* [ACTIVITY]: In the records that follow, the lines from the one containing "Alberta, Kanada. Stockfoto" to the one containing "Hoàng Yến Chibi", inclusive, are to be given again exactly.

* [DATA TO USE]:
-- Opening Marker --

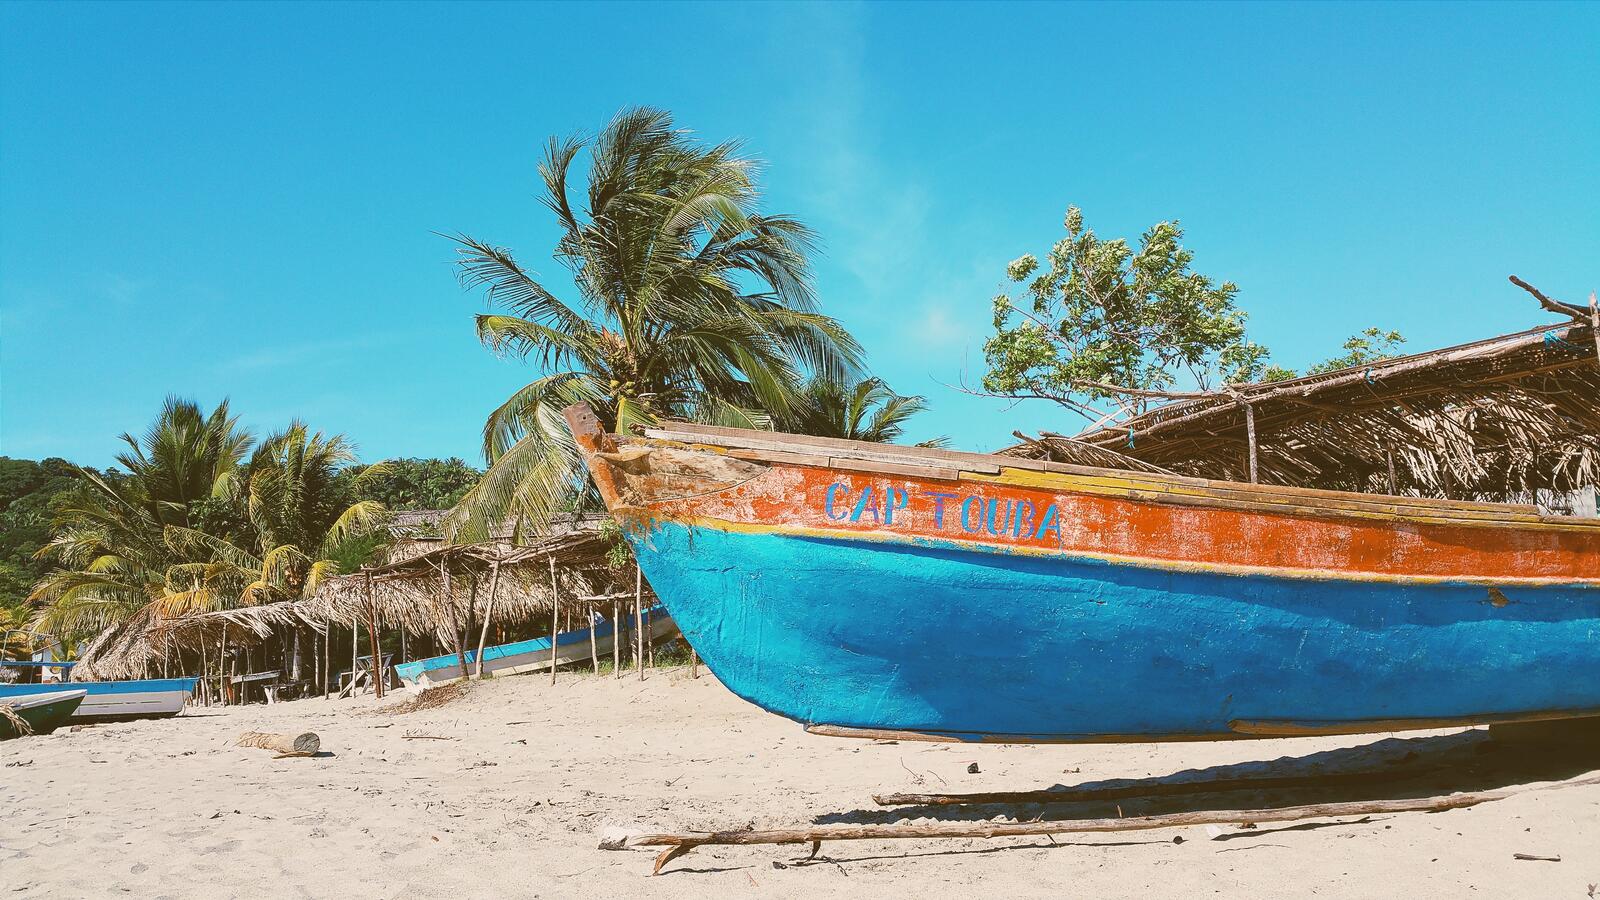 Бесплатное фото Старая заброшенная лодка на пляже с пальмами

-- Closing Marker --
-- Opening Marker --

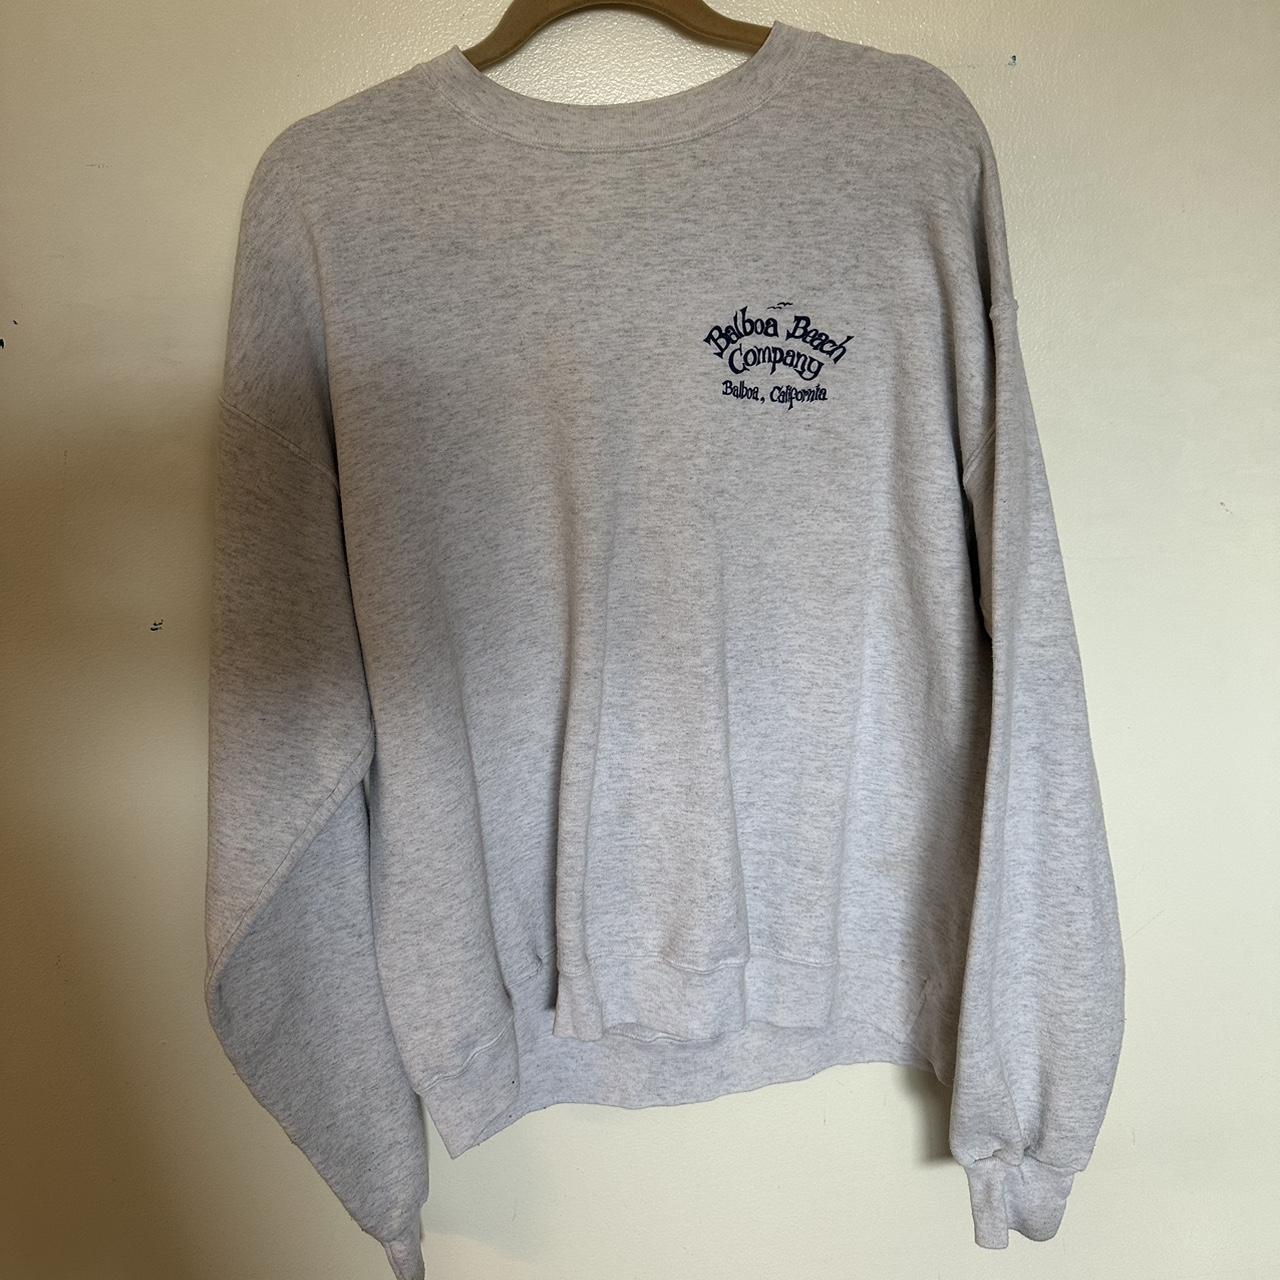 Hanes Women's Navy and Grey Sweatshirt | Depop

-- Closing Marker --
-- Opening Marker --

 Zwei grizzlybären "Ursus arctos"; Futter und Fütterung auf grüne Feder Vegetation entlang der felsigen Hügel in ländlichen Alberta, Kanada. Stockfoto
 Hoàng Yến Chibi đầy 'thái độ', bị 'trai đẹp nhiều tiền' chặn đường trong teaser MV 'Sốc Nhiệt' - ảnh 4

-- Closing Marker --

* [RESPONSE]:
 Zwei grizzlybären "Ursus arctos"; Futter und Fütterung auf grüne Feder Vegetation entlang der felsigen Hügel in ländlichen Alberta, Kanada. Stockfoto
 Hoàng Yến Chibi đầy 'thái độ', bị 'trai đẹp nhiều tiền' chặn đường trong teaser MV 'Sốc Nhiệt' - ảnh 4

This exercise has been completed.